Because the ECJ could always grant direct effect to the GATT while at the same time holding that the Community had properly invoked a safeguard clause, one must move beyond the doctrinal question of the ECJ's case law consistency to consider whether the political economy of the GATT safeguard regime really demands direct effect. It is correct to state that, prior to the new Safeguards Agreement, the flaw in the GATT 47 safeguard regime was not that it was too flexible but rather that it was not flexible enough. Contracting parties which did not want to pay compensation for, did not want to meet the non-discrimination requirement of, and did not want to conduct an investigation to justify a safeguard measure often adopted grey area trade measures such as VER's and OMA's to remedy the injuries caused by increasing imports.[34] These measures effectively imposed quota systems on international trade and thus were more economically harmful than tariffs. It is not clear, however, how direct effect could have prevented the use of these measures which were effectively sanctioned under the GATT 47.[35]

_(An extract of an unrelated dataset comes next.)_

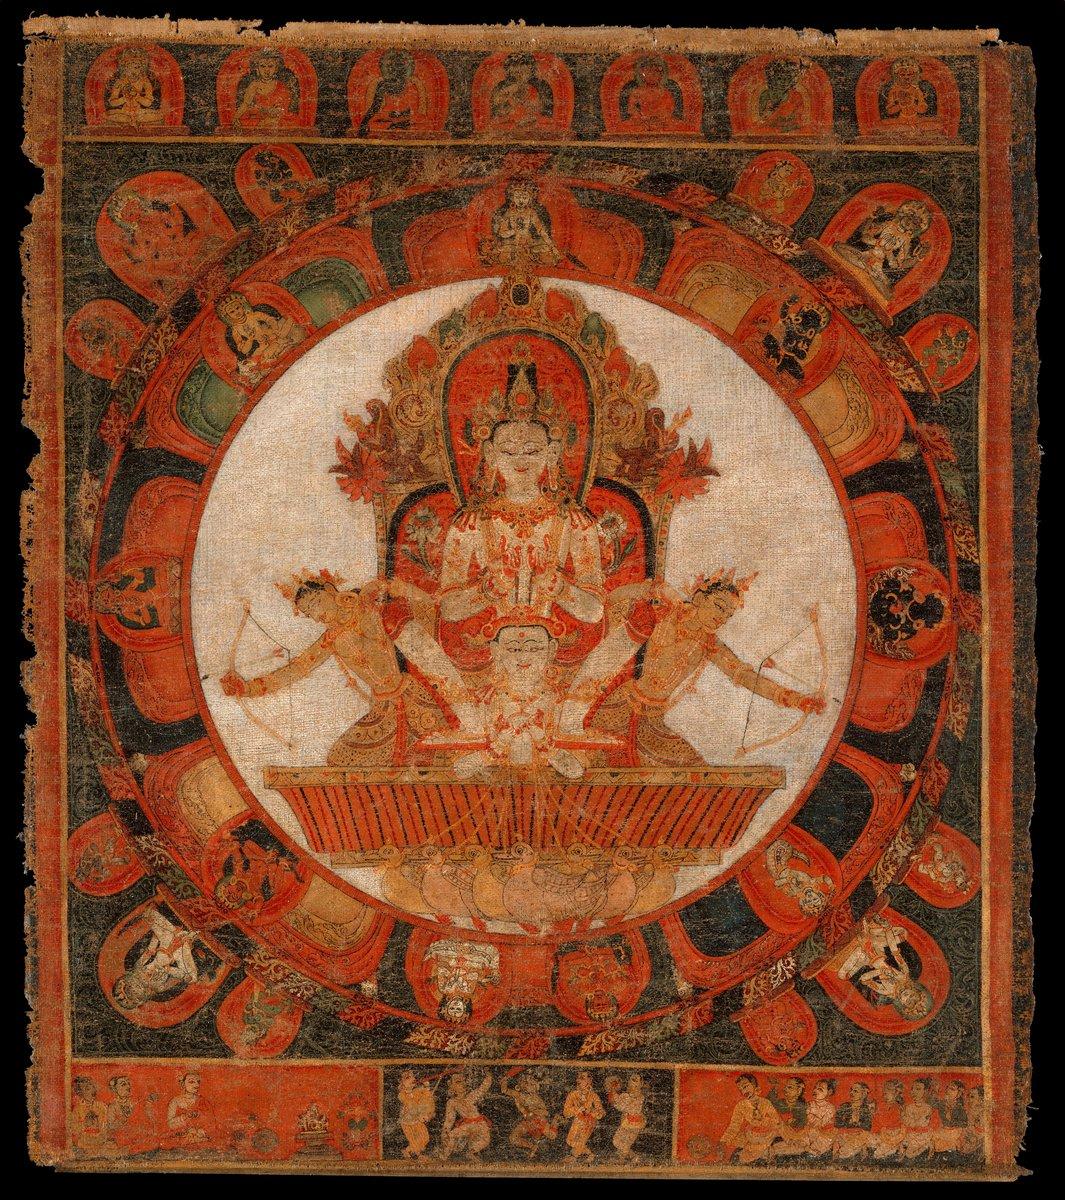 Мандала, картина Мандала Чандра, бог луныМандала<br>Репродукция на холсте или бумаге. Любого нужного вам размера. В раме или без. Подвес в комплекте. Трехслойная надежная упаковка. Доставим в любую точку России. Вам осталось только повесить картину на стену!<br>
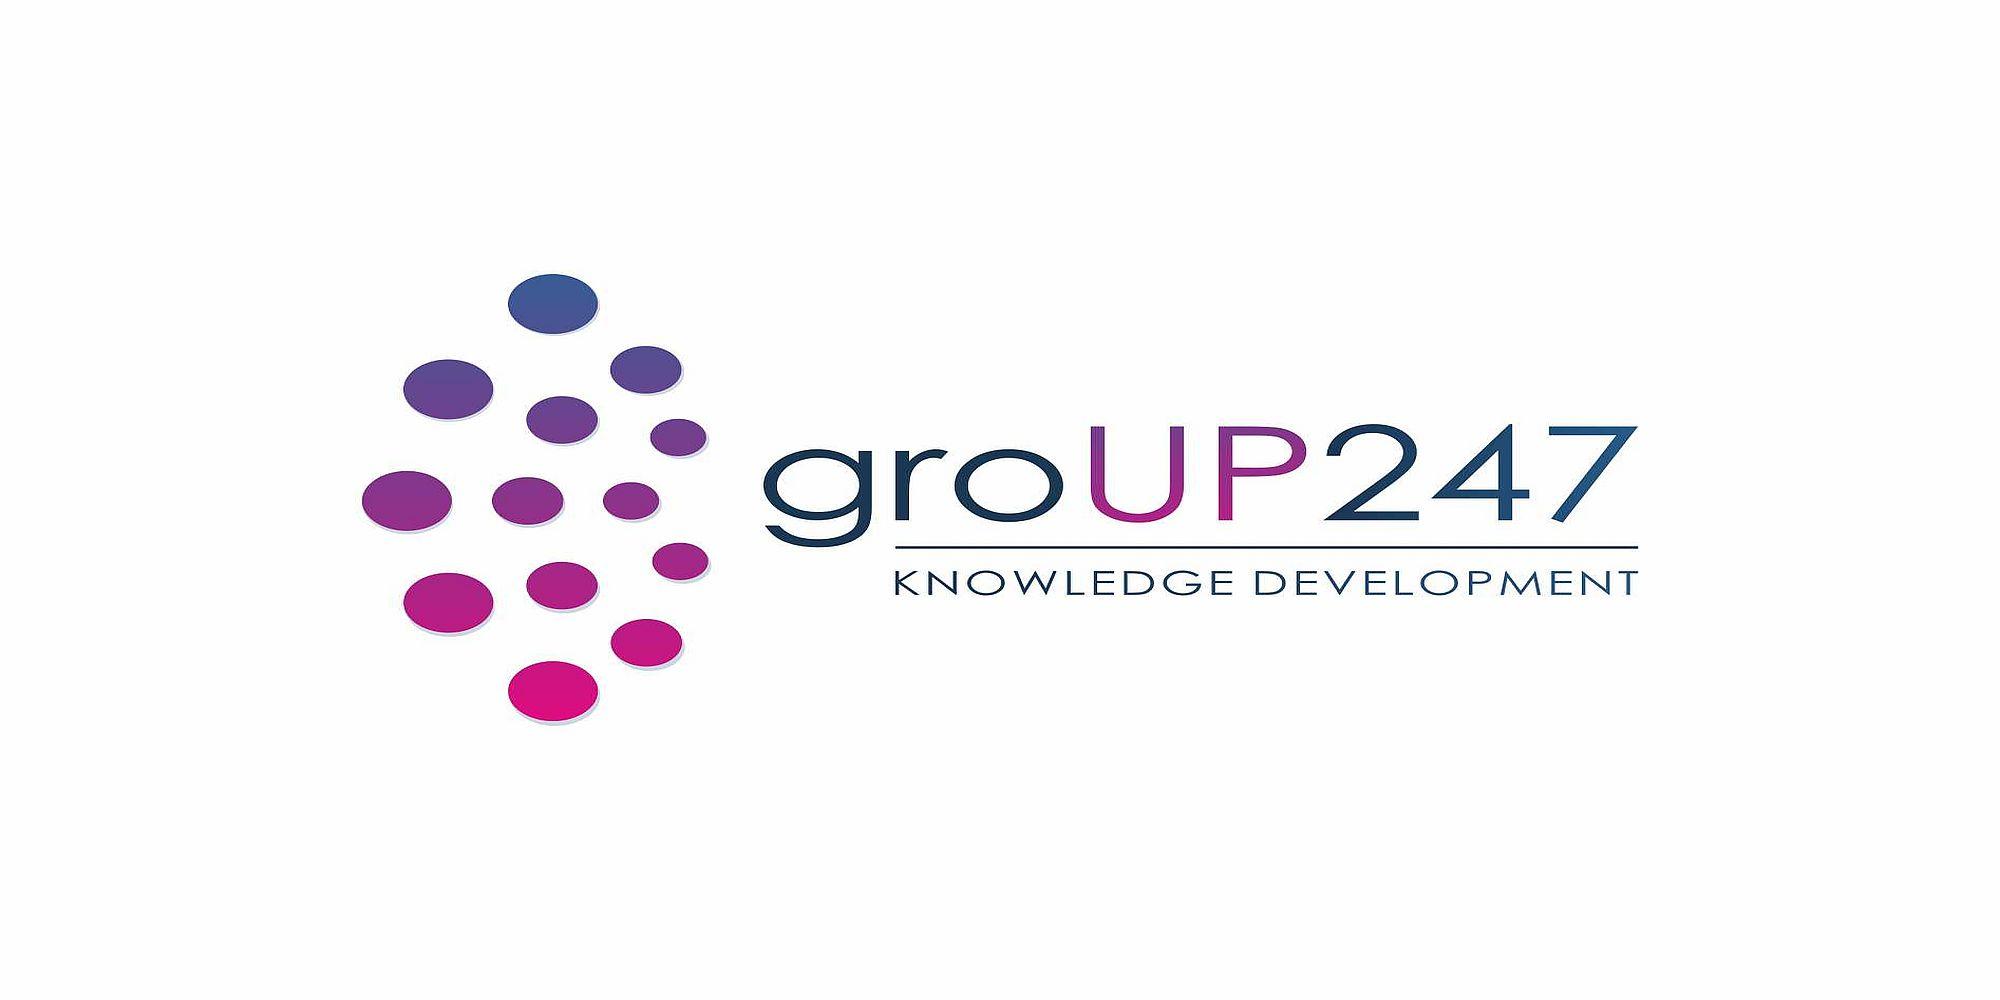 Współpraca INSTIN i groUP247

The new Agreement on Safeguards does represent a real step forward for the GATT in that it brings grey area trade measures such as VER's and OMA's within the discipline of the GATT and effectively bans them with only a few exceptions. The fact that these measures have been reigned in, however, does not automatically mean that direct effect is now necessary to enforce compliance. In fact, one could say that the adoption of the new safeguards regime indicates that once the GATT contracting parties recognize that there is a problem with the GATT structure and muster the political consensus to address the problem, they will act to do so.[36] In this case, it may not be appropriate for the ECJ to grant direct effect to the GATT and force the Community to adopt unilateral positions before a world political consensus exists. And as will be shown in Section 3.1 below, granting direct effect to the GATT may also deprive the Community of its GATT rights. Thus, one must be very careful indeed not to confuse GATT law with GATT practice.

2.3 The nature of GATT dispute settlement may not require direct effect

The dispute settlement mechanism of the GATT 47 was heavily criticized because it did not require rule based adjudication to resolve disputes and effectively allowed the contracting parties to engage in power oriented diplomacy.[37] Despite this, however, the critics of the ECJ's direct effect doctrine claimed that because the GATT 47 dispute settlement mechanism did not differ appreciably from those found in the other international agreements to which the Court had granted direct effect, it should not have been used as a justification for denying direct effect.[38]

While the GATT 47 dispute settlement mechanism was rightly criticized for being weak, there still may have been an important distinction between the GATT 47 and the other international agreements which justified the ECJ's determination that it was part of the reason for different direct effect doctrines. The GATT 47 was an agreement designed to establish a system of multilateral rounds of reciprocal trade negotiations across multiple sectors. Thus, the GATT 47 effectively created a continuing relationship of negotiations between the contracting parties designed to propel the process of trade liberalization and resolve lingering disputes by means of cross-sectoral bargaining.

This was not the case with the other international agreements. These agreements created static systems that resulted from one time negotiations over the rights and obligations of the parties. Thus, direct effect may not have been appropriate for the GATT 47 because it would have effectively allowed an individual to interfere with a process of ongoing negotiations between the contracting parties. That is, direct effect might have prevented contracting parties from blocking panel reports which settled disputes in ways with which they disagreed and hoped to modify through negotiation. While one may not approve of blocking panel reports in order to force negotiations to resolve policy differences, it cannot be denied that this was a significant right which each contracting party possessed under the GATT 47.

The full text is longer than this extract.